Julian Hyde Wed, 14 Dec 2016 11:59:00 -0800
Are you running into some variant of the problems that inspired 
https://issues.apache.org/jira/browse/CALCITE-819: 
<https://issues.apache.org/jira/browse/CALCITE-819:> at the root of the tree, 
columns that are not projected are removed, and if the desired sort order 
involves non-projected columns, the desired sort order is forgotten).
 
> On Dec 14, 2016, at 11:19 AM, Gian Merlino <[email protected]> wrote:
> 
> Ah, thanks. So if that sort of thing is not a smoking gun, do you have an
> idea about where I should look next? If not I'll keep poking around.
> 
> Gian
> 
> On Wed, Dec 14, 2016 at 11:06 AM, Julian Hyde <[email protected]> wrote:
> 
>>> - But its "set" field points to a RelSet with "rels" that _don't_ have
>>> _any_ collation traits.
>> 
>> That’s OK. A “subset” (RelSubset) is a collection of RelNodes that are
>> logically and physically equivalent (same results, same physical
>> properties) whereas a “set” (RelSet) is a collection of RelNodes that are
>> logically equivalent.
>> 
>> A set can therefore be considered to be a collection of subsets, each of
>> which contains RelNodes. And it used to be implemented that way, but in
>> https://issues.apache.org/jira/browse/CALCITE-88 <
>> https://issues.apache.org/jira/browse/CALCITE-88> we introduced collation
>> as a trait, and that made subsets non-disjoint (a RelNode can be sorted on
>> (x, y), and also on (x), and also on (), and also on (z)) so we made
>> RelSubset just a view onto a RelSet, filtering the list of RelNodes
>> according to the ones that have (“subsume”) the desired traits.
>> 
>> Julian
>> 
>> 
>>> On Dec 14, 2016, at 10:45 AM, Gian Merlino <[email protected]> wrote:
>>> 
>>> I spent some more time looking into (3) and found that when I had things
>>> going through the Planner rather than the JDBC driver, SortRemoveRule was
>>> removing sorts when it shouldn't have been. This happens even for simple
>>> queries like "SELECT dim1 FROM s.foo GROUP BY dim1 ORDER BY dim1
>>> DESC". Removing SortRemoveRule from the planner fixed the broken tests on
>>> my end.
>>> 
>>> I dug into that a bit and saw that the call to "convert(sort.getInput(),
>>> traits)" in SortRemoveRule was returning a RelSubset that looked a bit
>>> funny in the debugger:
>>> 
>>> - The RelSubset's "traitSet" _does_ have the proper collation trait.
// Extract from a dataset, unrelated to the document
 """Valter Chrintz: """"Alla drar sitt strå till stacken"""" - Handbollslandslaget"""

>>> - But its "set" field points to a RelSet with "rels" that _don't_ have
>>> _any_ collation traits.
>>> 
>>> From what I understand that causes Calcite to treat the unsorted and
>> sorted
>>> rels as equivalent when they in fact aren't. I'm still not sure if this
>> is
>>> a Calcite bug or user error on my part… I'll keep looking into it unless
>>> someone has any bright ideas.
>>> 
>>> fwiw, my Planner construction looks like this:
>>> 
>>>   final FrameworkConfig frameworkConfig = Frameworks
>>>       .newConfigBuilder()
>>>       .parserConfig(
>>>           SqlParser.configBuilder()
>>>                    .setCaseSensitive(true)
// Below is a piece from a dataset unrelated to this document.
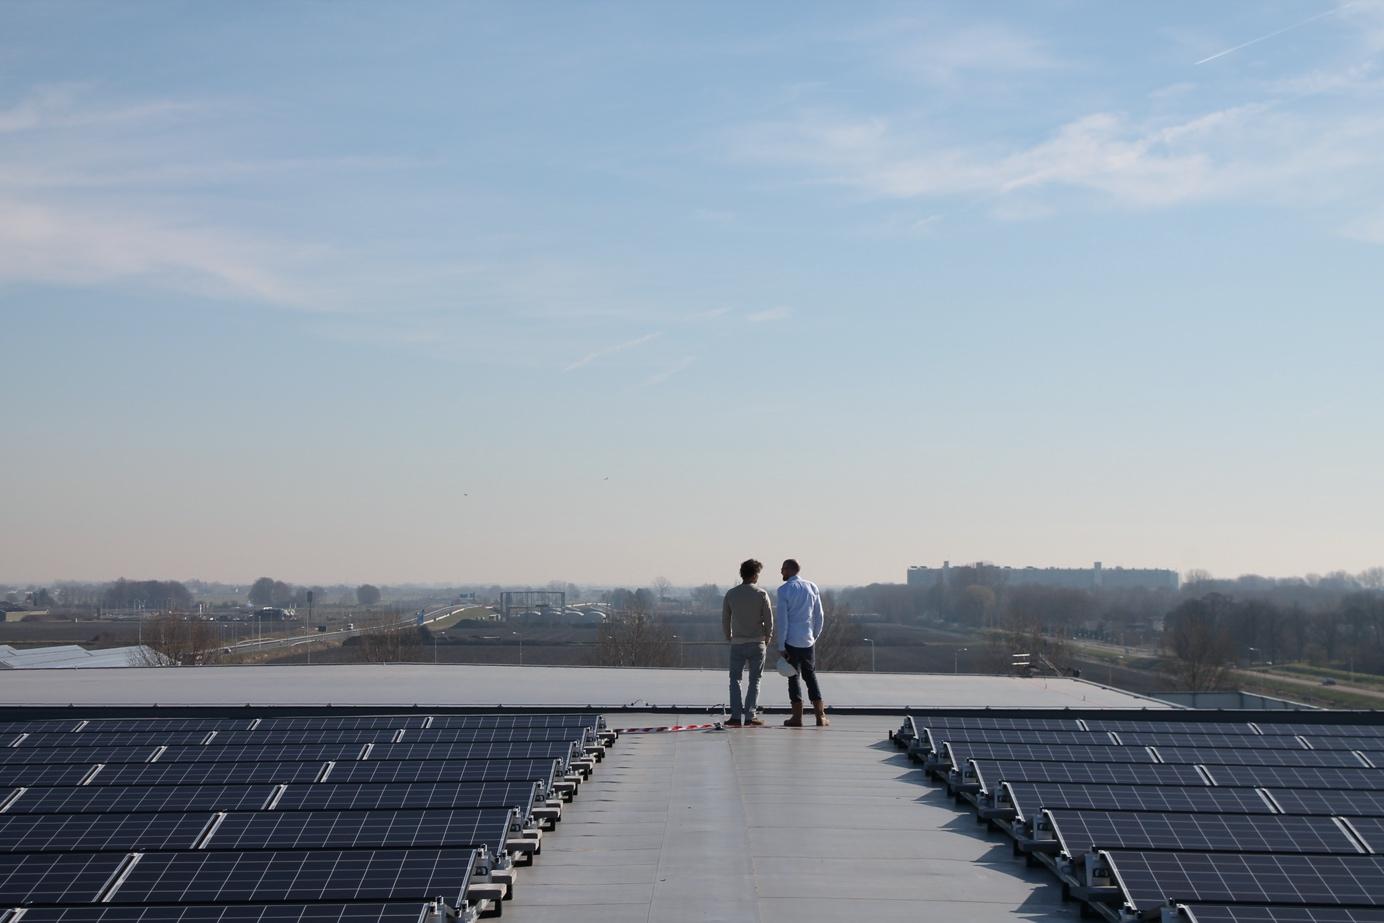 ZonnepanelenDelen maakt van zonne-energie een beleggingscategorie

>>>                    .setUnquotedCasing(Casing.UNCHANGED)
>>>                    .build()
>>>       )
>>>       .defaultSchema(rootSchema)
>>>       .traitDefs(ConventionTraitDef.INSTANCE,
>>> RelCollationTraitDef.INSTANCE)
>>>       .programs(Programs.ofRules(myRules))
>>>       .executor(new RexExecutorImpl(Schemas.createDataContext(null)))
>>>       .context(Contexts.EMPTY_CONTEXT)
>>>       .build();
>>> 
>>>   return Frameworks.getPlanner(frameworkConfig);
>>> 
>>> Gian
>>> 
>>> On Sat, Dec 3, 2016 at 5:53 PM, Gian Merlino <[email protected]> wrote:
>>> 
>>>> Sure, I added those first two to the ticket.
>>>> 
>>>> I don't think those are happening with (3) but I'll double check next
>> time
>>>> I take a look at using the Planner.
>>>> 
>>>> Gian
>>>> 
>>>> On Fri, Dec 2, 2016 at 12:20 PM, Julian Hyde <[email protected]> wrote:
>>>> 
>>>>> Can you please add (1) and (2) to https://issues.apache.org/jira
>>>>> /browse/CALCITE-1525 <https://issues.apache.org/jir
>> a/browse/CALCITE-1525>,
>>>>> which deals with the whole issue of using “Planner” within the JDBC
>> driver,
>>>>> so we can be consistent.
>>>>> 
>>>>> (3) doesn’t look likely to be related. Do your queries have UNION or
>>>>> other set-ops? Are you sorting on columns that do not appear in the
>> final
>>>>> result?
>>>>> 
>>>>> Julian
>>>>> 
>>>>> 
>>>>>> On Nov 28, 2016, at 10:45 AM, Gian Merlino <[email protected]> wrote:
>>>>>> 
>>>>>> I traveled a bit down the Frameworks/Planner road and got most of my
>>>>> tests
>>>>>> passing, but ran into some problems getting them all to work:
>>>>>> 
>>>>>> (1) "EXPLAIN PLAN FOR" throws NullPointerException during
>>>>> Planner.validate.
>>>>>> It looks like CalcitePrepareImpl has some special code to handle
>>>>> validation
>>>>>> of EXPLAIN, but PlannerImpl doesn't. I'm not sure if this is
>> something I
>>>>>> should be doing on my end, or if it's a bug in PlannerImpl.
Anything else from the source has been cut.